In 1804, the grand treasurer of Moldavia Săndulache Sturdza hired the Viennese architect Johann Freiwald to build a luxury residence on the old home place of his ancestors. Also, the German gardener Mehler had to fit around the palace a park with alleys lined with statues, benches hidden in the labyrinths of greenery and even a pond surrounded by willows. The palace was built by in Neoclassical style, characteristic to the civil architecture in Moldavia at that time. It is a square building with a floor, with four nearly symmetrical facades with wide and straight platforms and balconies on all sides supported on stone slabs. In 1811, Săndulache Sturdza built behind the palace a church, on the place of a wooden church. This results from the inscription that was placed at the entrance and which was destroyed during the Second World War.

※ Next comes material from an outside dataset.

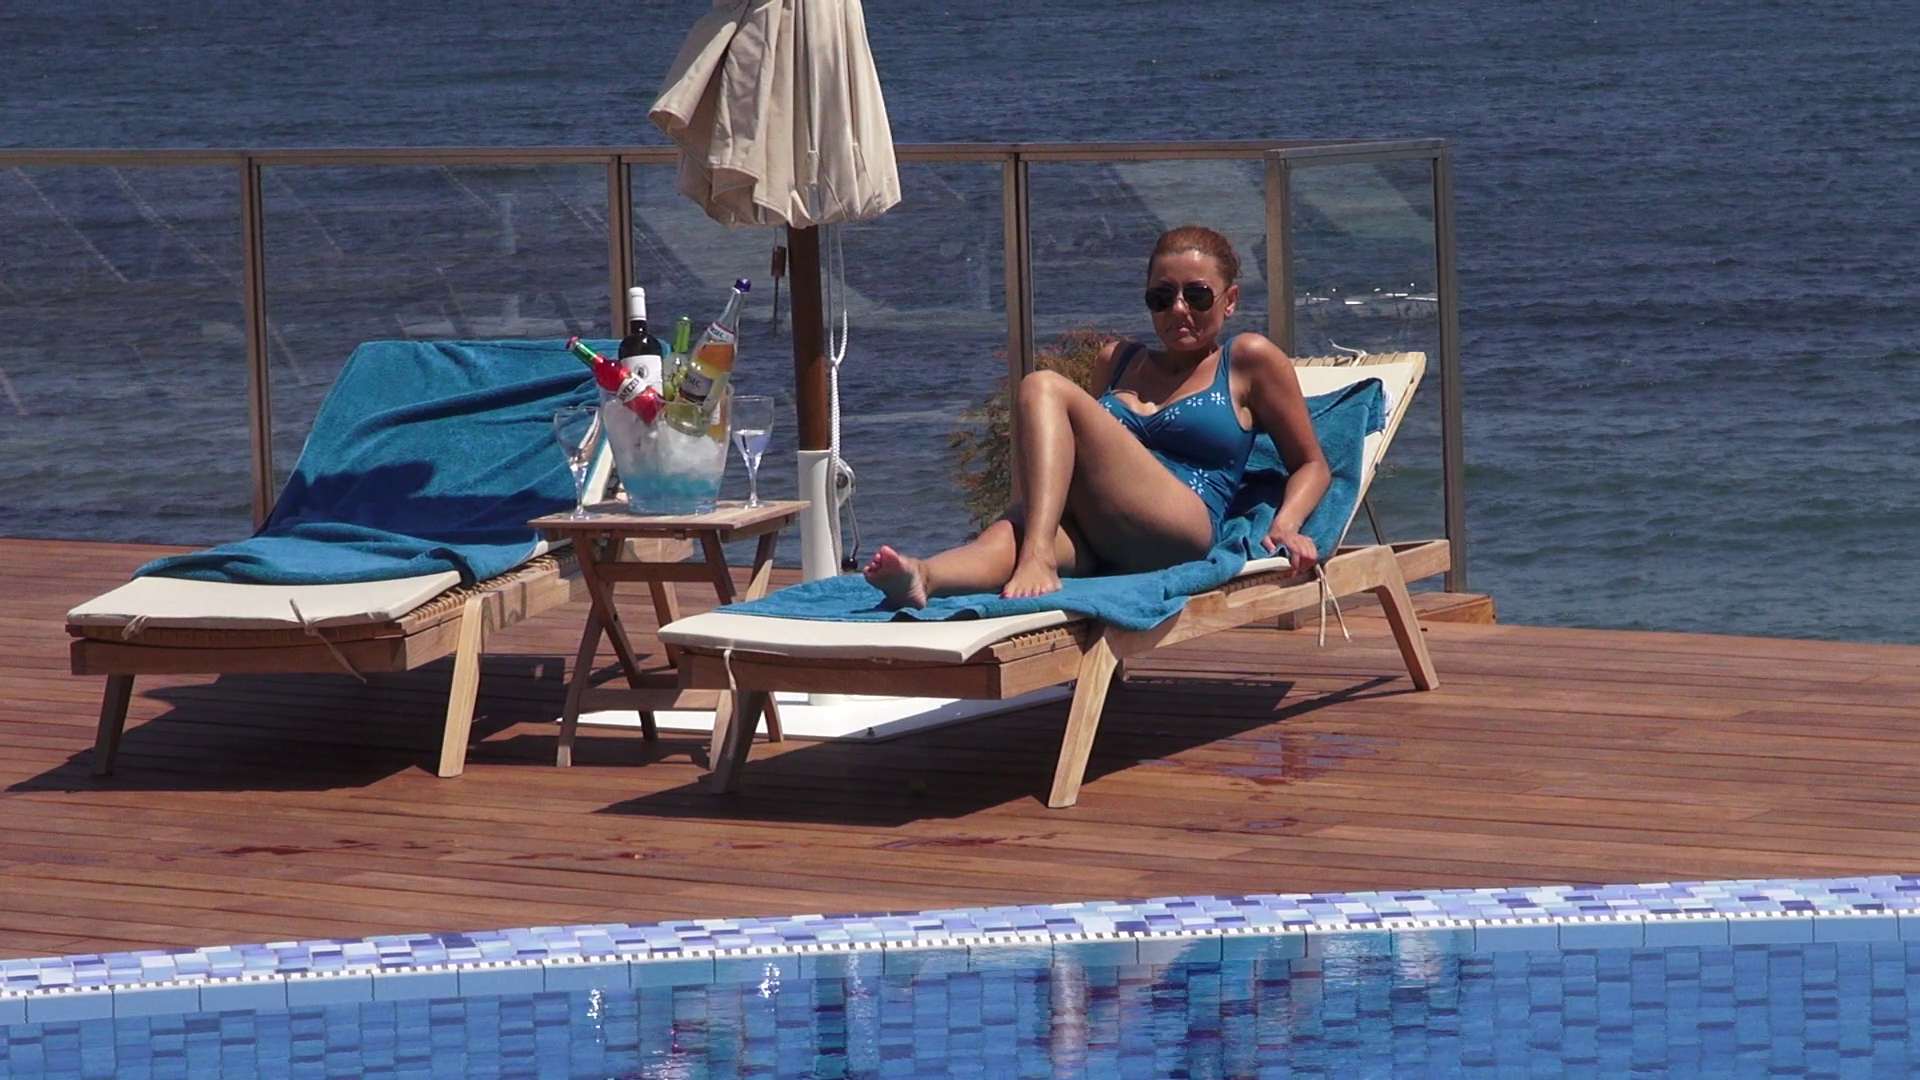 Emilia se relaxeaza la marginea unei piscine de la mare

The palace was inherited by Costache Sturza, Săndulache's son and cousin of ruling prince Mihai Sturdza (1834-1849). During 1847-1855, he brought here by the architect Johann Brandel which restored palace in Neo-Gothic style. In April 1857, Alexandru Sturdza, son of Costache, made a loan of 60,000 ducats to the Bank of Moldavia, mortgaging the palace. Because he wasn't able to paying the loan, the bank auctioned the palace. In 1862, Alexandru Ioan Cuza, ruler of the United Romanian Principalities, bought the palace and restored it.
Alexandru Ioan Cuza
Although the prince spent a few time at the palace, there lived his wife, Lady Elena Cuza (1825-1909), who took care of furnishing and decorating the garden and outbuildings. She hired craftsmen to repair the building and German gardeners to restore the park around the castle. The central staircase was built of marble, the walls were covered with silk from Paris, were built fireplaces and were brought expensive chandeliers. The furniture was commissioned in 1863 in Paris. The Ruginoasa palace was officially inaugurated by Prince Cuza, during the Easter holidays from April 1864.
Went into exile in 1866 after he was forced to abdicate, Prince Cuza continued to look after the estate in Ruginoasa. He leased the estate in 1866 with 5000 ducats a year to get the money to support its exile. Meanwhile, he refused to take a capital of 500,000 francs, deposited in the the Rothschild Bank by the new leadership of the Principalities. The former ruler died on 15 May 1873 in the city of Heidelberg (Germany), and his earthly remains were brought to Ruginoasa on 29 May 1873 and were buried in a tomb near the church. His remains have been displaced several times: in 1907 were moved in the crypt of the church in a silver box located in an oak coffin, in spring 1944 were removed from the church by a soldier from Ruginoasa and moved to Curtea de Argeş, then in 1946 were moved again in a crypt in Three Hierarchs Church in Iaşi.
Alexandru Cuza, the son of the Prince, left the estate in Ruginoasa to his wife, Maria Moruzzi. In 1921, the palace was donated to the "Charity" Hospital for Children in Iaşi. Part of the furniture was donated to the Military Museum. In subsequent years, began the building damage, which was exacerbated by the war. The palace was badly damaged during the battles fought nearby in World War II, remaining only some enclosure walls and the ruins of the castle. It was reconstructed during 1968-1978, when was restored the palace, a part of the enclosure wall and a stronghold in the north-west. In 1982 was officially inaugurated the Memorial Museum "Alexandru Ioan Cuza", with history and ethnography sections. The palace impresses its visitors today with the stories hidden within its walls, stories that point to Ruginoasa as a cursed palace in popular belief. The superstition arose following the death (including a suicide) in the palace of several young people.